Here are 3 reasons why it’s time to stop burning forests for energy

Posted July 24, 2016, at 8:43 a.m.

I’d like to make a few comments about the important environmental issues associated with using forest biomass for energy and heat. Foremost, the assertion from stakeholders that advocate woody biomass as a carbon neutral renewable energy source is misleading and scientifically inaccurate. Just like fossil fuels, woody biomass is a carbon-based fuel that emits atmospheric carbon dioxide when ignited; in fact, fossil fuels are derived from biomass.

Why woody biomass fails as renewable energy

There are three major reasons why we should question the carbon neutrality of woody biomass. Burning forest biomass re-emits sequestered carbon, creates a cycle of ongoing carbon emissions and causes ocean acidification.

Between January 1966 and January 2016, our atmospheric CO2 emissions have steadily increased nearly 25 percent, according to data from the National Oceanic Atmospheric Administration. Tree growth is mostly driven by carbon dioxide directly absorbed from the atmosphere, which includes our harmful anthropogenic CO2 emissions. Essentially, our forests work as carbon sinks and provide a natural pathway of carbon capture and storage. Every time we burn trees for bioenergy, we’re just re-emitting the same carbon the trees had worked so effectively to sequester.

The woody biomass industry is unnaturally emitting huge amounts of CO2 into our atmosphere, which creates a cycle of ongoing carbon emissions. Biomass emissions have a timeline of sequestration known as the carbon recovery period. Every day a new timeline of biomass emissions with its own carbon recovery period is stacked into our atmosphere waiting to be sequestered. As those emission timelines overlap, the cumulative amount of CO2 rises dramatically, creating a massive ongoing bubble of carbon emissions. For example, it’s easy to understand that if we burn a 40-year-old tree in one day, we’re going to have a carbon debt.

Bioenergy is the only renewable energy that contributes to ocean acidification. Every day the woody biomass industry is systematically dumping tons of atmospheric carbon into our oceans, causing them to acidify. Nearly 25 percent of the biomass industry’s CO2 emissions will end up in our oceans, exacerbating ocean acidification. Yet, the industry has never publicly acknowledged any responsibility for its role in this accruing ecological disaster. If left unchecked, ocean acidification from forest bioenergy has the potential to render long-term damage to regional marine ecosystems and disrupt local seafood economies.

Biomass uses flawed carbon accounting

The biomass industry continuously hides behind the cloak of weak science: “We’re carbon neutral because we’re growing as much as we’re emitting.” This is a dangerous frame of reference that implies that somehow the “magic” biomass CO2 emissions are not acting as a greenhouse gas and contributing to global warming. That’s simply not true; just like fossil fuels, biomass produces harmful CO2 emissions and growing more trees doesn’t negate the science.

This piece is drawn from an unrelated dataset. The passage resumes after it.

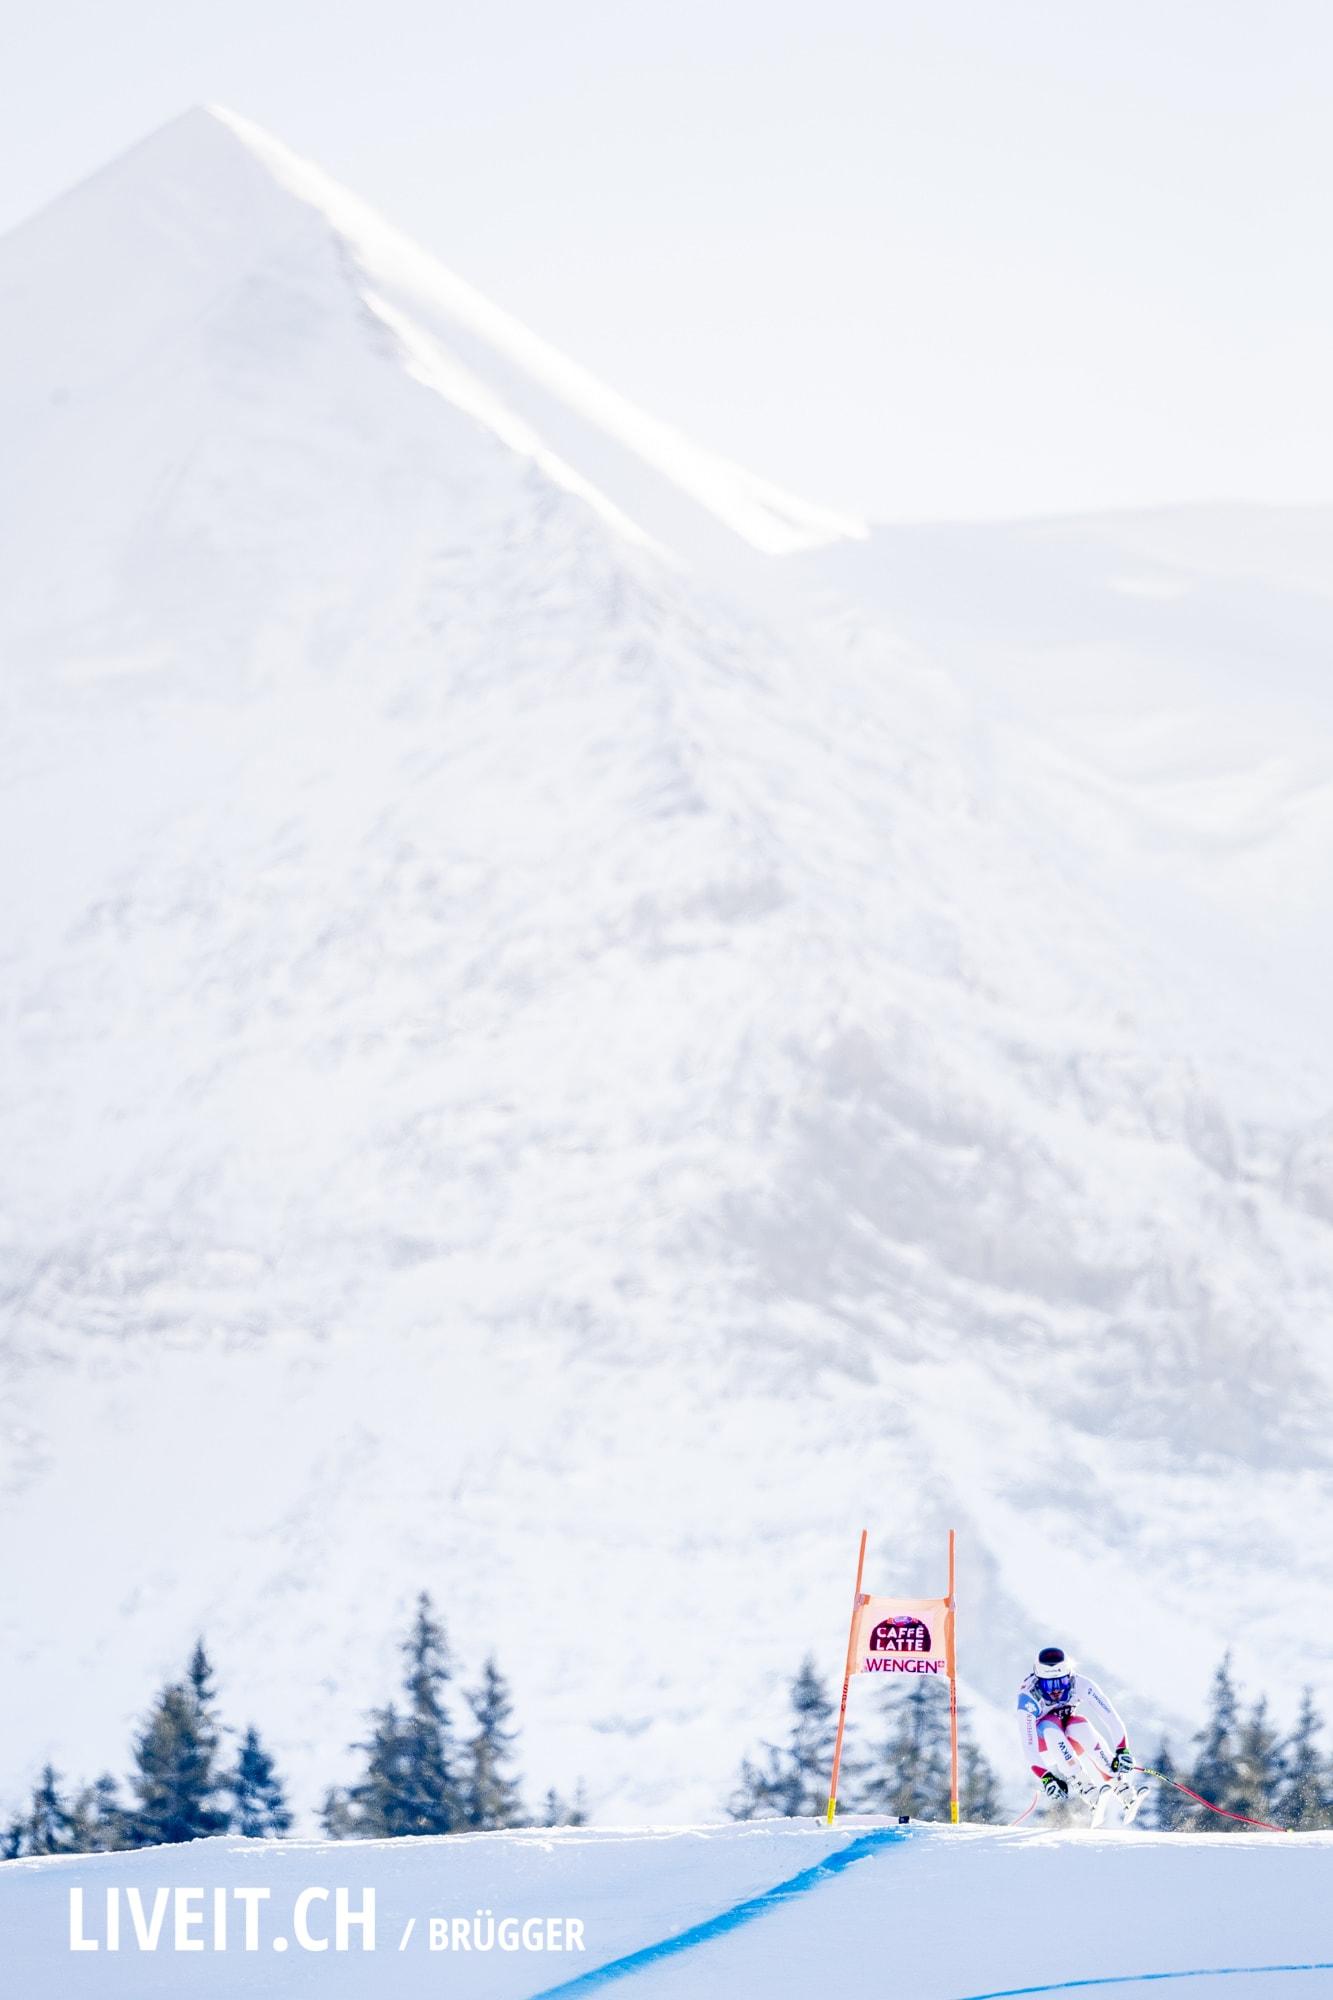 Gilles Roulin (SUI) fotografiert am Samstag, 19. Januar 2019 am Lauberhornrennen in der Disziplin: Abfahrt. (Fotografiert von Dominic Bruegger liveit.ch)

The biomass industry has conveniently created a “smoke and mirror” double standard for carbon emissions. The industry claims biomass is “good carbon” because it’s part of the active carbon cycle, and fossil fuels are “bad carbon” because they’re part of the inactive carbon cycle.

First of all, whether we like it, fossil fuel emissions are now part of the active carbon cycle. Second, the underlying problem isn’t about where we get our carbon from; the root of the problem is the conscious decision we make to extract and combust carbon-based fuels for our short-term energy needs. Carbon is carbon; our atmosphere makes no distinction between the harmful effects of carbon from biomass and fossil fuel.

Moving forward toward climate adaptation

The accelerating evidence of climate change is upon us. Our atmosphere and hydrosphere are already adversely affected by excess carbon. Our biosphere, however, has the ability to sequester and store vast amounts of CO2 as terrestrial carbon. That’s why our forest ecosystems play such an important role in the future of Earth’s climate adaptation.

Maine has a golden opportunity to become a global leader in developing advanced carbon management practices that spur new industries and jobs in forestry, agriculture and environmental science. I implore Maine’s biomass industry stakeholders, policymakers and higher education systems to rethink their woody biomass policy positions and to help establish a biomass energy public forum that addresses the important environmental issues associated with using forest bioenergy.

Brett Leuenberger is a nontraditional senior student at Unity College enrolled in the environmental writing and media studies program. He is a member of the Society of Environmental Journalists.